Memorial plaque to be opened in a St.Petersburg barber shop which worked during the city's siege

On Thursday, a memorial plaque was opened in St. Petersburg in commemoration of the hair-dressers who worked in besieged Leningrad during the war, said the RIA Novosti correspondent.

Several hairdressers' and barber shops functioned in the besieged city during the war. The plaque has been put up in one of them situated in house No.54/3 on Nevsky Prospekt. The barber shop began to function on the first floor of a house in the city's main street even before the 1917 revolution and continued to work during the wartime siege - between 1941 and 1944. At present there is a beauty parlour there.

RIA Novosti learned from Sergei Lebedev, a Petersburg historian, that during the years of the blockade among the permanent clients of the barber shop were soldiers going to the front-lines. It was also visited by actors and actresses of the Alexandrinsky theatre and the Musical Comedy which were situated not far from it.

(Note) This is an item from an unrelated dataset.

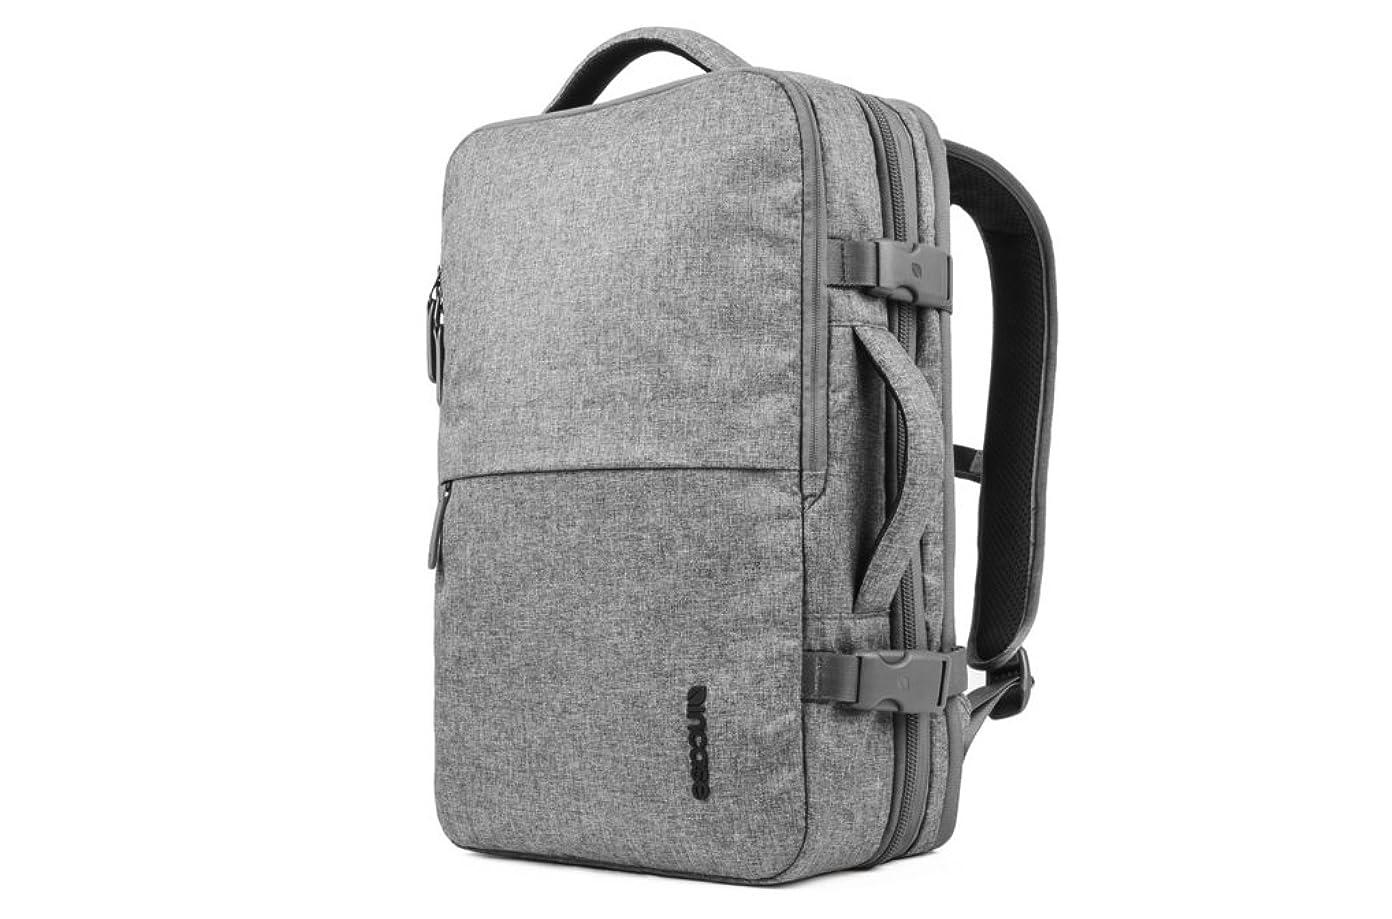 爆発物花嫁キャプテンブライ[インケース] INCASE EO Travel Backpack 互換性 : MacBook Pro, iPad バックパック CL90020 [並行輸入品]

Lebedev also said that he was personally acquainted with Maria Khodachek who was in charge of the barber shop during the blockade years. Lebedev said Maria told him how she and her colleagues warmed on kerosene stoves the water they brought in pails from a well in the yard, dug trenches and extinguished incendiary bombs.

None of the people who worked in the barber shop during the war are alive now. And the memorial plaque designed by St. Petersburg artist Alexei Kotsyubinsky, will be a reminder of the hard work they were doing during the war.

The words "The work of barbers who worked during the blockade years proved that beauty will save the world."